Compared to alternatives
Each tracked competitor has its own strengths. Airalo is the most familiar. Holafly is the unlimited-only option. Nomad is the fixed-bundle alternative to Airalo. Ubigi is the enterprise-positioned choice for business travelers.
vs Airalo: broader verified country count and mainland China coverage. Optional custom plans on top of the fixed grid, group eSIMs, gift functionality, and the rewards system are the structural differences. Airalo's brand recognition is its main advantage.
vs Holafly: Holafly is unlimited-only. 99esim has unlimited options too but also offers sized plans, which are cheaper for moderate users.
vs Nomad: similar fixed-bundle competitor with smaller scope. 99esim wins on coverage breadth and unique features.
vs Ubigi: Ubigi is enterprise-positioned with consistent reliability. 99esim matches on tier-1 partner carriers and adds the consumer-friendly features (group, gift, custom plans) that Ubigi doesn't focus on.
For deeper detail, see our individual reviews of Airalo, Holafly, Nomad, and Ubigi.
Who should pick 99esim
First-time travelers who want both simple fixed plans (when their trip fits a tier) AND the option to customize when it doesn't. The rewards and leaderboard also make the first few trips feel less transactional — you're earning something across a learning curve, which softens the "did I pick the right plan?" anxiety that haunts first-time eSIM buyers.
Multi-country travelers with itineraries crossing 3+ countries in the same region — the regional plans save real money over per-country.
Families and travel groups of 3-4 people — group eSIM pricing beats individual plans on total cost.
Caribbean cruisers with multi-island routes — the 15-country North America plan covers the broadest set in the category for this trip shape.
Travelers who don't fit standard plan buckets — the optional custom data + duration combinations cover trips the fixed grids don't.
Mainland China visitors — one of the few tracked travel eSIMs that supports China at all.
Anyone gifting connectivity to a parent, friend, or partner traveling separately — the gift eSIM feature isn't replicated by any competitor.
Frequent travelers who care about the rewards system — the points and monthly leaderboard genuinely add up if you fly often.
Who might prefer something else
- Heavy streamers and content creators who specifically want unlimited: Holafly's unlimited-only structure is purpose-built for that.
- Enterprise travelers with strict reliability requirements and specific corporate IT preferences: Ubigi has the more business-positioned support and SLA structure.
- Travelers who specifically want a brand their friends use: Airalo's recognition is the single thing it leads on.
Final verdict
After a year of testing, 99esim is the travel eSIM I default to for my own trips.
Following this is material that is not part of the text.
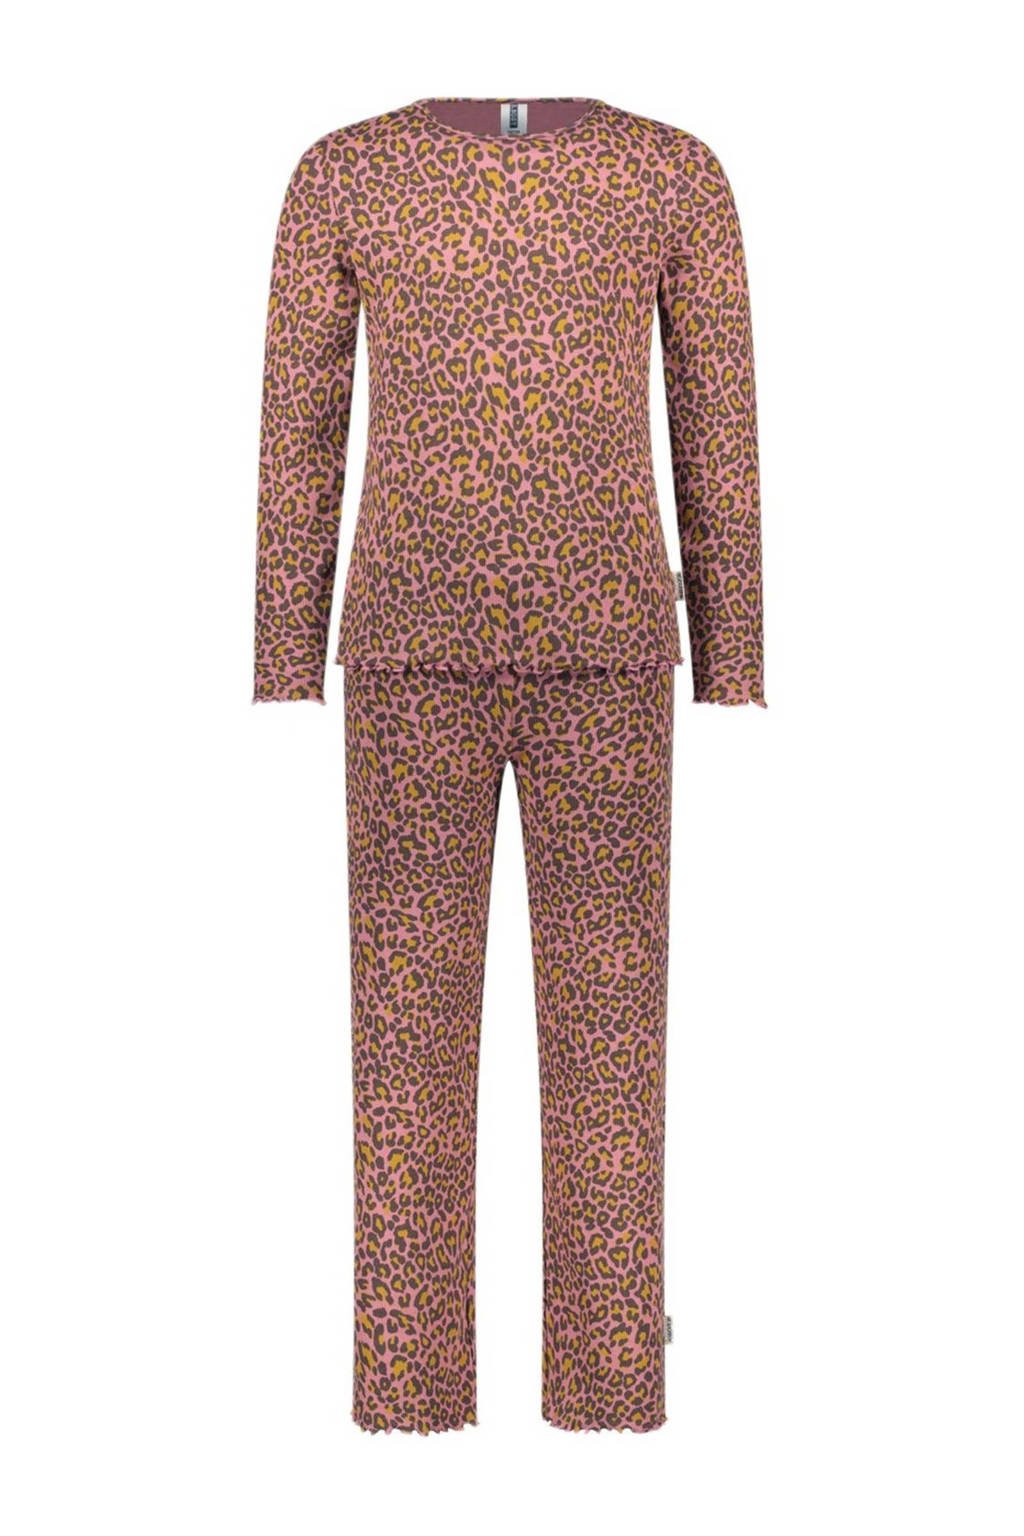 pyjama B. a SLEEP met dierenprint bruin/roze

The country breadth is genuinely the widest in the tracked set, mainland China is included, the optional custom plans match real trip shapes when fixed bundles don't, and the group/gift features fill use cases that simply aren't addressed by any competitor today. The cons (brand awareness, Caribbean exclusions on the regional plan, in-app-only support format) are real but small relative to the upside.
If you're picking a travel eSIM for a multi-country trip, family vacation, or any itinerary that doesn't fit a standard 7-or-30-day bucket, 99esim is the right starting point. For trips that fit a tidy single-country use case, the gap to competitors narrows but 99esim still holds up.
Rating: 4.8 / 5. Not perfect, but the closest I've found in this category.